第十六章(第2/5页)

她安慰她父亲,这比安慰她自己还容易些。她说,尽管他来了以后,客人的数目肯定是九个,可是,他素来沉默寡言,不会多添多少噪音。事实上,她认为,他神情严肃,又不大愿意说话,让他坐在她对面,而不是他哥哥坐在她对面,这样替代是可悲的。

这件事对伍德豪斯先生比对爱玛更加有利。约翰·奈特利来了;可是威斯顿先生却出乎意料地被叫到城里去,那天只好缺席了。他有可能在晚上来,但是肯定不能来吃饭。伍德豪斯先生这就放下了心。见他这样,再加上两个小男孩来了,她的姐夫又怀着哲学家的镇静倾听他自己的命运,甚至连爱玛心头最大的烦恼也烟消云散了。

这一天来到了,客人也都准时到齐了。约翰·奈特利先生似乎很早就摆出一副和蔼可亲的样子。在等吃饭的时候,他没把他哥哥拉到窗口去,而是在跟菲尔费克斯小姐说话。埃尔顿太太尽花边和珠宝的可能把自己打扮得华美,他默默地瞅着她——只想看个够,让他可以回去讲给伊莎贝拉听——可是菲尔费克斯小姐却是个老相识,又是个文静的姑娘,他可以跟她谈谈。吃早饭以前,他带着他的两个小男孩出去散步,回来时碰到过她,那会儿天刚开始下雨。就这个话题说上几句客气的关心话还是很自然的,于是他说:

“我想你今天早上没走远吧,菲尔费克斯小姐,要不然,你一定让雨淋湿了。我们差点儿没来得及赶回家。我想你是立即就回家的吧。”

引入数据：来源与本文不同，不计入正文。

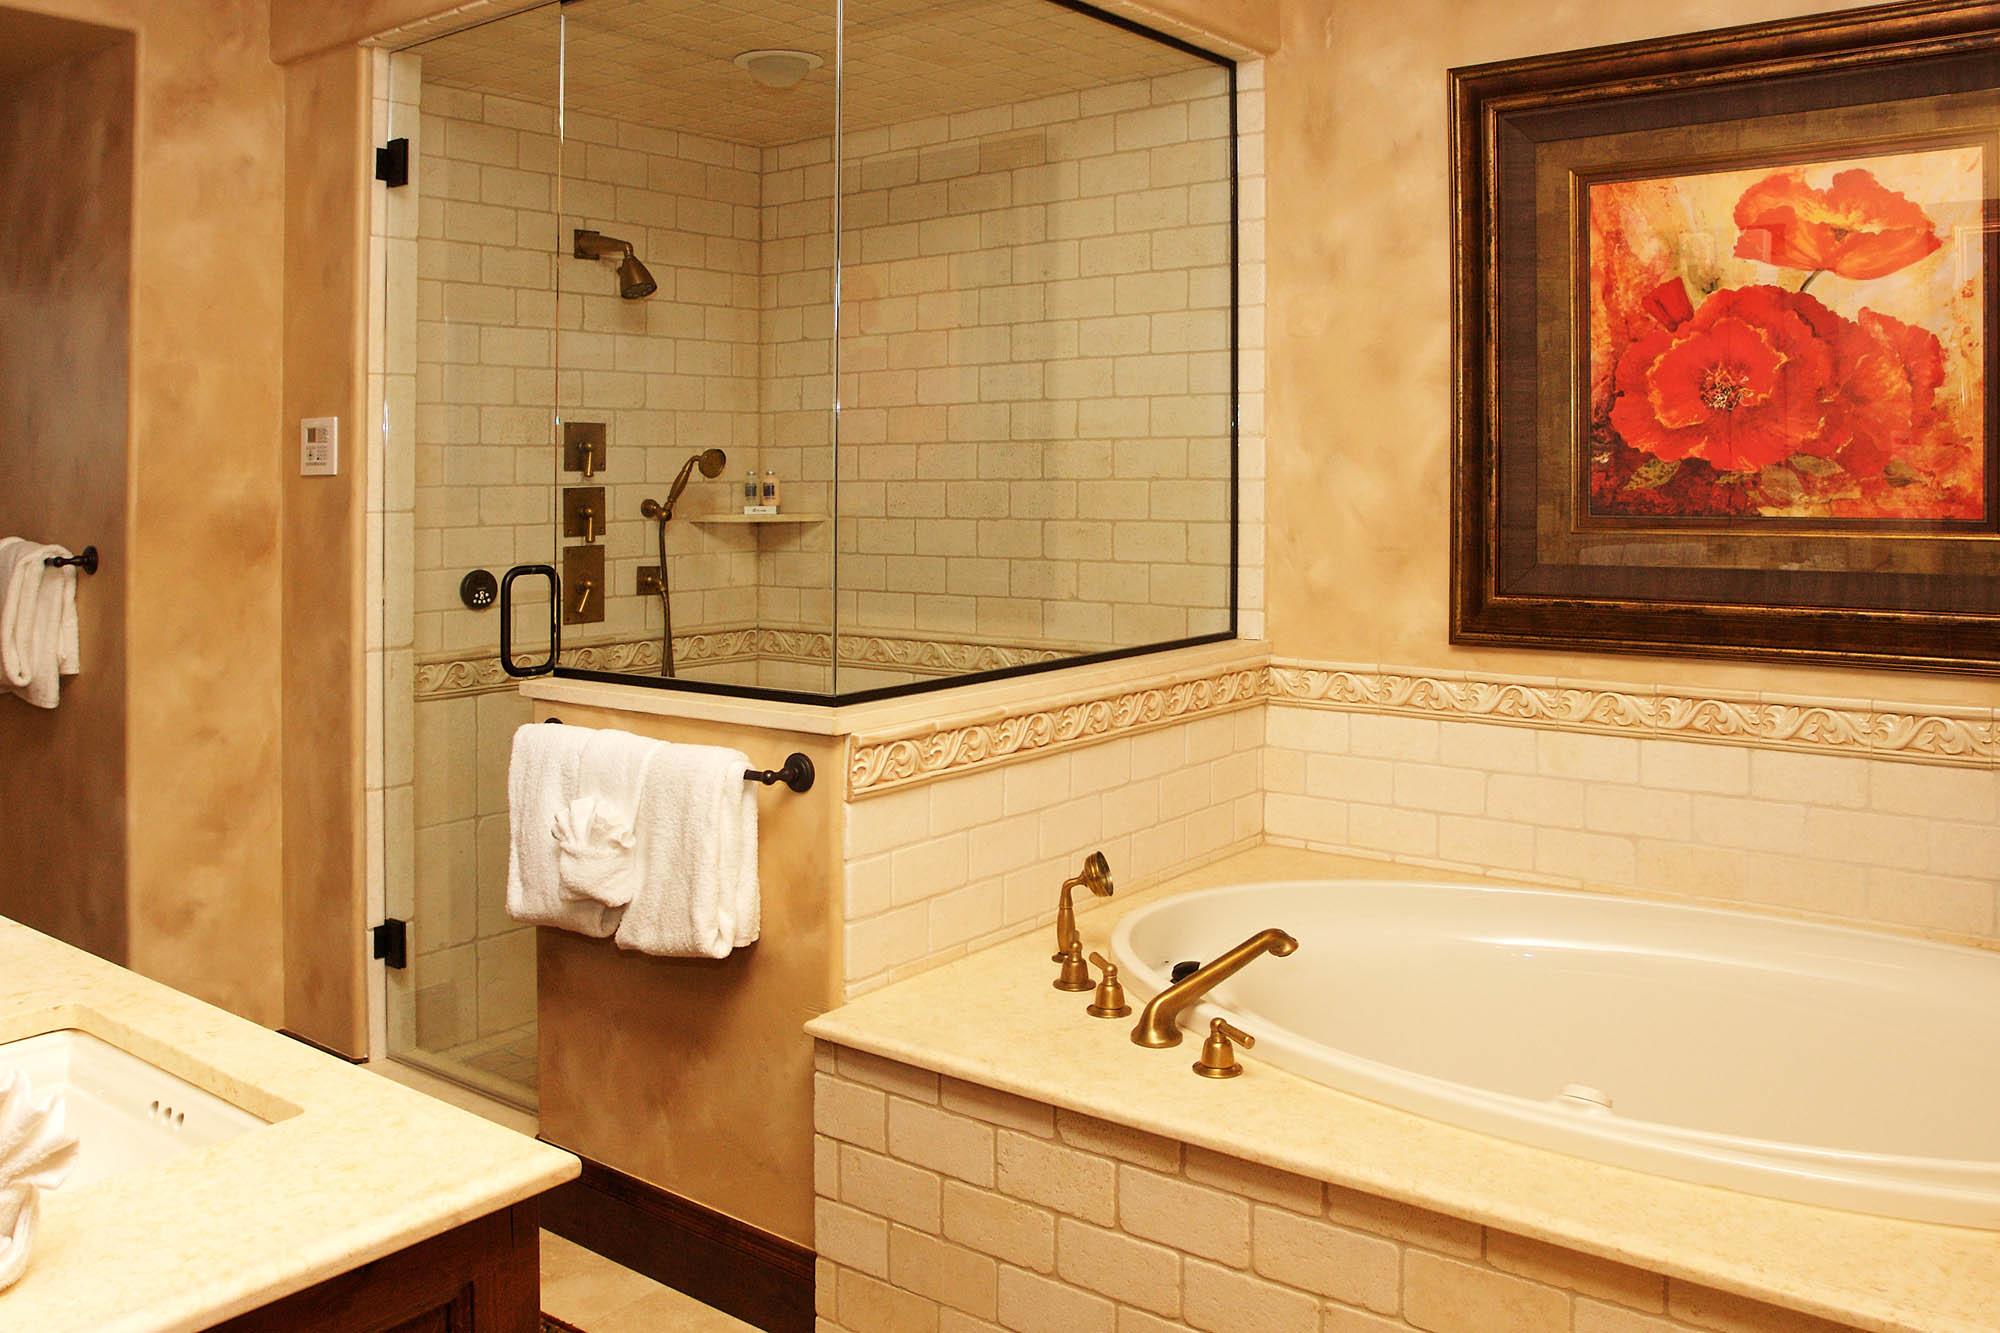 15WesthavenBathroom.jpg

“我只去了邮局,”她说,“雨没下大我就到家啦。那是我每天必办的事。我在这儿的时候,总是由我去取信。这省掉了麻烦,而且又可以让我出去走走。吃早饭前散一会儿步对我有好处。”

“我想,在雨里散步并没什么好处。”

“那当然;可是我出去的时候根本没下雨。”

约翰·奈特利先生微微一笑,答道:

“那就是说,你是故意去散步的,因为,我有幸遇到你的时候,你离家还不到六码;亨利和约翰那会儿早已看到了雨点,而且雨点多得叫他们数都数不过来。在我们一生中的某个时期,邮局确实有很大的魅力。等你到了我这个年纪,你就会开始觉得,信是永远不值得冒雨去取的了。”

她脸上微微泛起一阵红晕,然后这样回答:

“我可不能指望有你那样的处境,亲人们都在身边,所以我想光是年老还不至于使我对信件漠不关心。”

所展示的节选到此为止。